WHAT TO DO:
Every record should be written out exactly, please.

◇ ◇ ◇ ◇ ◇

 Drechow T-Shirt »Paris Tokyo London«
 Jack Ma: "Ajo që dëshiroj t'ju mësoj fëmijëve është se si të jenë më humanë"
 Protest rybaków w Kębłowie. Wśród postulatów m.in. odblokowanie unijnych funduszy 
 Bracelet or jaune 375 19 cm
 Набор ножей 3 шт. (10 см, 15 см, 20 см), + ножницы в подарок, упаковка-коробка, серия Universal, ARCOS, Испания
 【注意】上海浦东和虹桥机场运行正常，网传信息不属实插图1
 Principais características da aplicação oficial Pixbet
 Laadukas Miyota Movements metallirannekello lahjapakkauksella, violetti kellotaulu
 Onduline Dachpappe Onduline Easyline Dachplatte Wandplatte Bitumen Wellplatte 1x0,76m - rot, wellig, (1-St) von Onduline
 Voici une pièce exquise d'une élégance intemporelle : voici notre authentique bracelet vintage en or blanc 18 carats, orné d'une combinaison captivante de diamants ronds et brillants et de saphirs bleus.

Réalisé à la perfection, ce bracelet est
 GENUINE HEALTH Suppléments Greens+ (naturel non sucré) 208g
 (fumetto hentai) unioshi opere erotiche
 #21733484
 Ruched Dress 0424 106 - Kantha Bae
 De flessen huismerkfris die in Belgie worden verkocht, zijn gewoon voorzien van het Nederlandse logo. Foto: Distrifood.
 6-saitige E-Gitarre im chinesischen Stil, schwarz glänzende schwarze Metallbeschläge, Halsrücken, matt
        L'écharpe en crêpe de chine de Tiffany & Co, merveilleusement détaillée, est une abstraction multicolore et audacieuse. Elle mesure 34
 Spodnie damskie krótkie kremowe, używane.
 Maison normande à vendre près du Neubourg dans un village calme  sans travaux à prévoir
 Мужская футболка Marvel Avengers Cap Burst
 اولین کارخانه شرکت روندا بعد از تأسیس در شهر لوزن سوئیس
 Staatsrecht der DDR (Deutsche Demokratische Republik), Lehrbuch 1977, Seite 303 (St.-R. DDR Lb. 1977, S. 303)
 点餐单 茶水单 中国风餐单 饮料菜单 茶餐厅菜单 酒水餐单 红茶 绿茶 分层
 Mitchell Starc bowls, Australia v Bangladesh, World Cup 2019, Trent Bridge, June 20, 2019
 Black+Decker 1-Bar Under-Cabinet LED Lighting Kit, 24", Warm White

◇ ◇ ◇ ◇ ◇

RESULT:
 Drechow T-Shirt »Paris Tokyo London«
 Jack Ma: "Ajo që dëshiroj t'ju mësoj fëmijëve është se si të jenë më humanë"
 Protest rybaków w Kębłowie. Wśród postulatów m.in. odblokowanie unijnych funduszy 
 Bracelet or jaune 375 19 cm
 Набор ножей 3 шт. (10 см, 15 см, 20 см), + ножницы в подарок, упаковка-коробка, серия Universal, ARCOS, Испания
 【注意】上海浦东和虹桥机场运行正常，网传信息不属实插图1
 Principais características da aplicação oficial Pixbet
 Laadukas Miyota Movements metallirannekello lahjapakkauksella, violetti kellotaulu
 Onduline Dachpappe Onduline Easyline Dachplatte Wandplatte Bitumen Wellplatte 1x0,76m - rot, wellig, (1-St) von Onduline
 Voici une pièce exquise d'une élégance intemporelle : voici notre authentique bracelet vintage en or blanc 18 carats, orné d'une combinaison captivante de diamants ronds et brillants et de saphirs bleus.

Réalisé à la perfection, ce bracelet est
 GENUINE HEALTH Suppléments Greens+ (naturel non sucré) 208g
 (fumetto hentai) unioshi opere erotiche
 #21733484
 Ruched Dress 0424 106 - Kantha Bae
 De flessen huismerkfris die in Belgie worden verkocht, zijn gewoon voorzien van het Nederlandse logo. Foto: Distrifood.
 6-saitige E-Gitarre im chinesischen Stil, schwarz glänzende schwarze Metallbeschläge, Halsrücken, matt
        L'écharpe en crêpe de chine de Tiffany & Co, merveilleusement détaillée, est une abstraction multicolore et audacieuse. Elle mesure 34
 Spodnie damskie krótkie kremowe, używane.
 Maison normande à vendre près du Neubourg dans un village calme  sans travaux à prévoir
 Мужская футболка Marvel Avengers Cap Burst
 اولین کارخانه شرکت روندا بعد از تأسیس در شهر لوزن سوئیس
 Staatsrecht der DDR (Deutsche Demokratische Republik), Lehrbuch 1977, Seite 303 (St.-R. DDR Lb. 1977, S. 303)
 点餐单 茶水单 中国风餐单 饮料菜单 茶餐厅菜单 酒水餐单 红茶 绿茶 分层
 Mitchell Starc bowls, Australia v Bangladesh, World Cup 2019, Trent Bridge, June 20, 2019
 Black+Decker 1-Bar Under-Cabinet LED Lighting Kit, 24", Warm White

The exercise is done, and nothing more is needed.